There are moments where you sense the arguments arriving a beat before the dialogue does.
This is not a fatal flaw but it does mean that Art plays less as a revelation and more as a finely tuned reiteration. Its insights remain sharp, but they are also well-worn, and audiences steeped in contemporary theatre may feel they’ve ‘heard it all before’, even as they continue to enjoy the ride.

Said enjoyment is well-supported by the technical creatives; the design by Charles Davis is clean and unshowy, complemented by lighting from Paul Jackson, original music by Max Lambert and sound design by David Letch. Together, they create a space that feels simultaneously comfortable and taut – a domestic arena where ideas, egos and insecurities are put on trial.
Intellectual sparring
Comedy here is not a soft landing, it’s a pressure point. Reza’s dialogue slices cleanly and Lewis ensures the rhythm stays taut. The play doesn’t sag or over-explain. Instead, it trusts its audience to keep up.

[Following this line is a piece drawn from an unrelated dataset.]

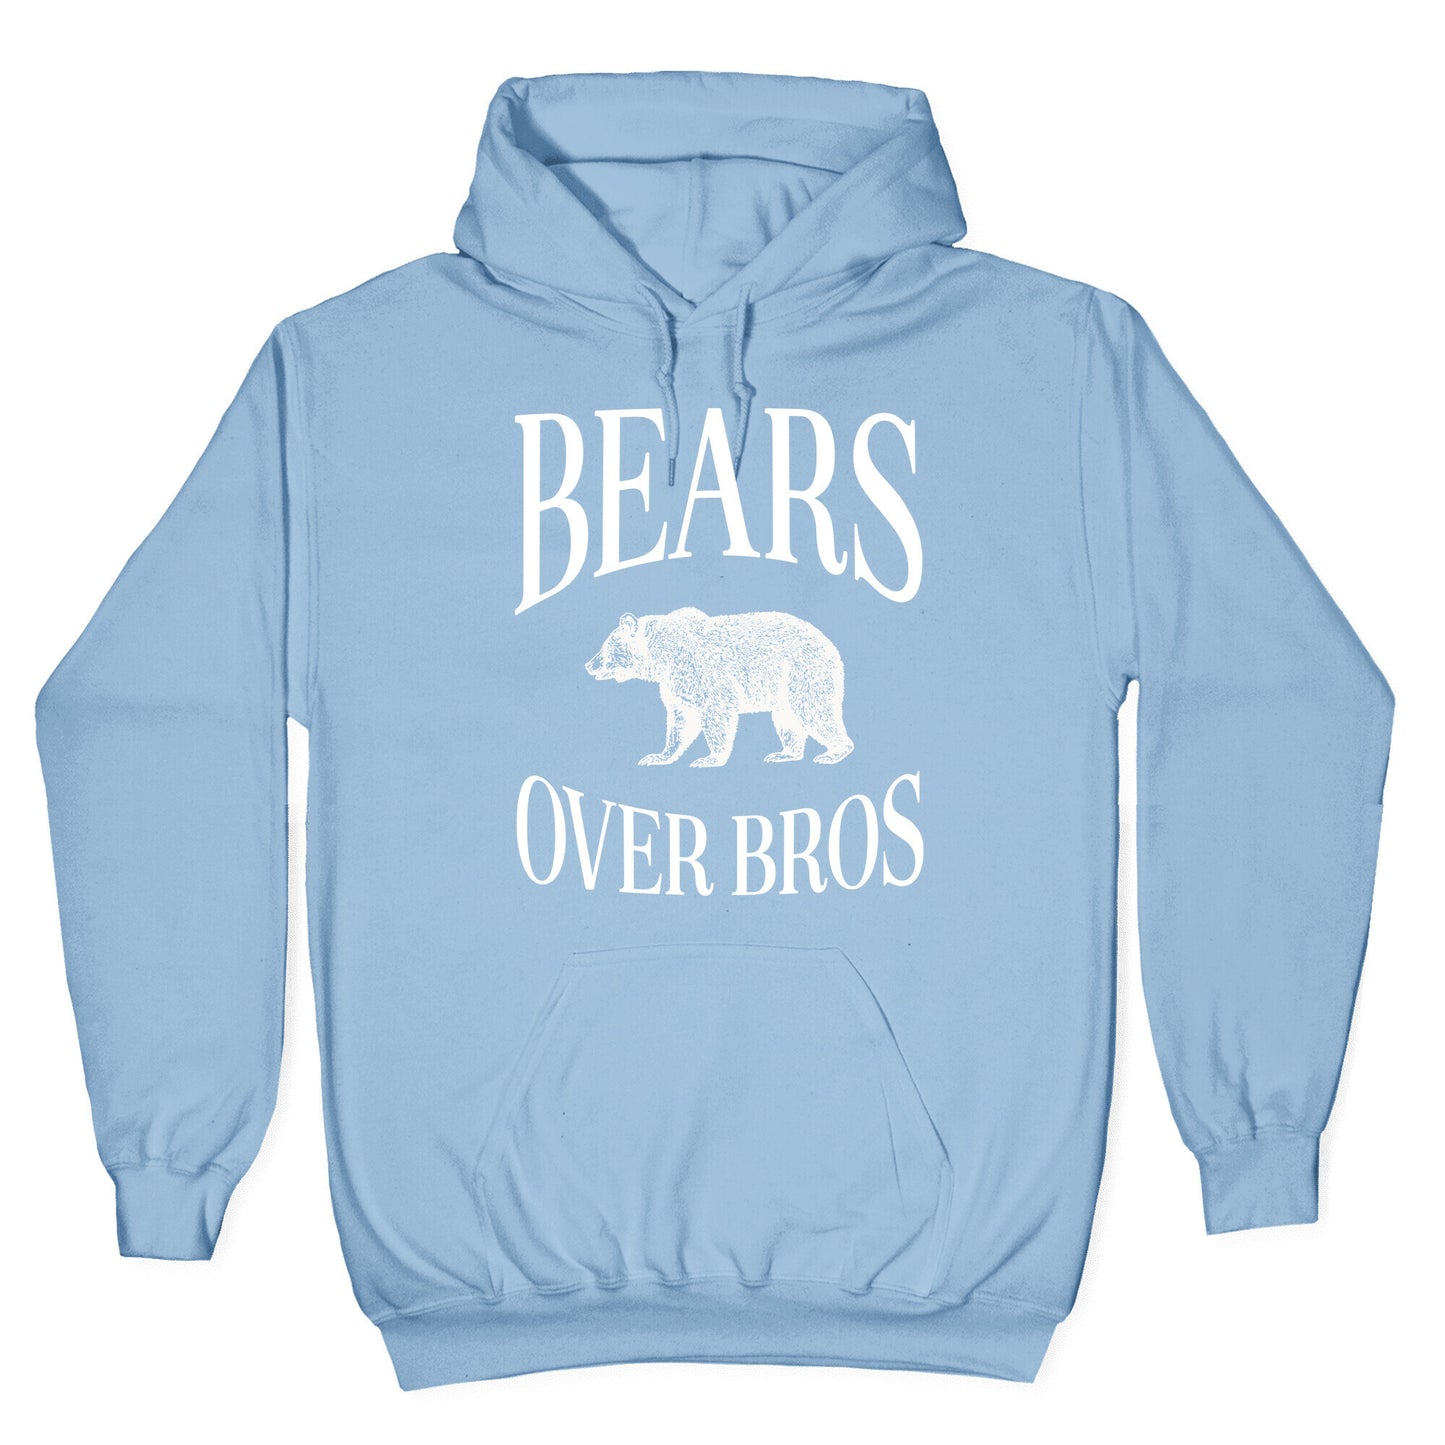 Bears Over Bros Hoodie
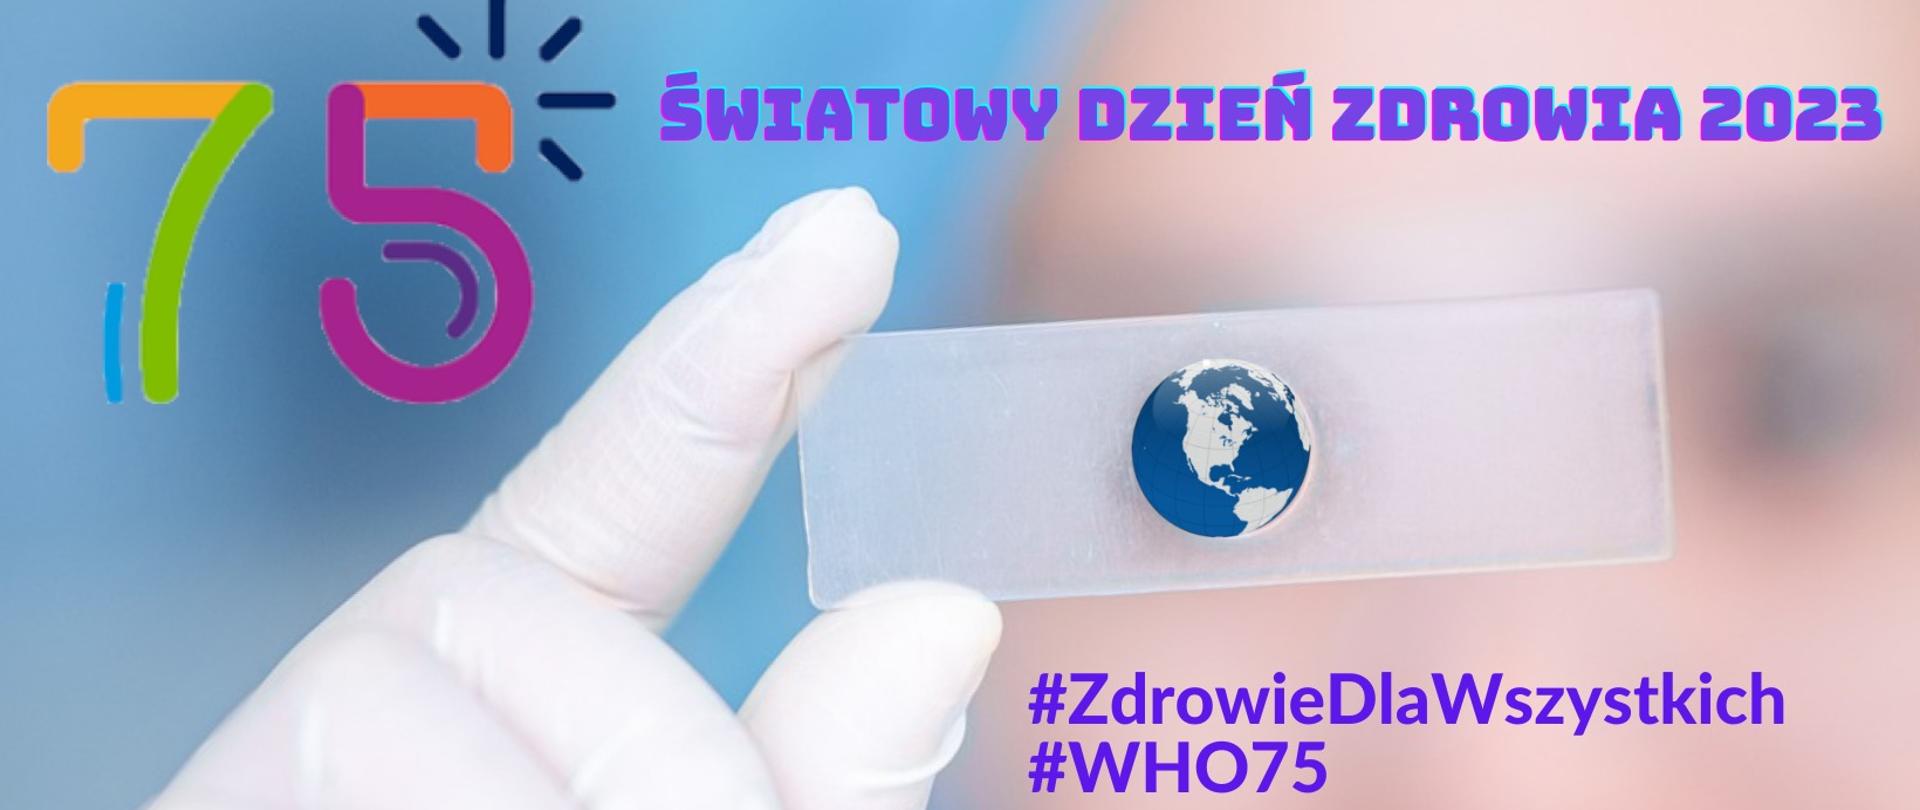 Baner na rozmytym tle dłoń laboranta z płytką na której widnieje kula ziemska. poniżej napis #ZdrowieDlaWszystkich, #WHO75

What’s particularly pleasing is how conversational it feels. The performances never lapse into showiness; the laughs come from recognition rather than exaggeration. It’s theatre that understands its audience and respects their intelligence.
At times, the play’s intellectual sparring risks edging into self-satisfaction. The arguments are elegantly structured, the rhetoric finely honed – but occasionally, you can feel the machinery beneath the wit. Yet such moments rarely overstay their welcome. The actors keep the exchanges grounded in character rather than concept, ensuring the comedy remains human rather than academic.
There’s also a generosity in how this production handles humour. While there are moments of cruelty (particularly at the expense of Yven) Art isn’t callous. Instead, it acknowledges the absurdity of human behaviour while retaining a genuine affection for its characters – a balance that’s harder to strike than it looks.
Final brushstrokes
This new production of Art doesn’t reinvent a modern classic – and it doesn’t need to. What it offers instead is clarity, precision and a strong sense of ensemble. It’s funny without being glib, thoughtful without becoming heavy-handed and confident enough to let the material speak for itself.
Yes, some of its provocations feel familiar, and its intellectual sheen occasionally mirrors the very pretensions it interrogates. But in performance – and especially in the hands of this cast – those ideas regain their sparkle.
By the time the final moments unfold, that white painting has accumulated layers of meaning, argument and memory, much like the friendships at the centre of the play. You leave the theatre entertained, certainly, but also gently provoked, perhaps examining your own thoughts on taste, pretentions and the compromises of friendship.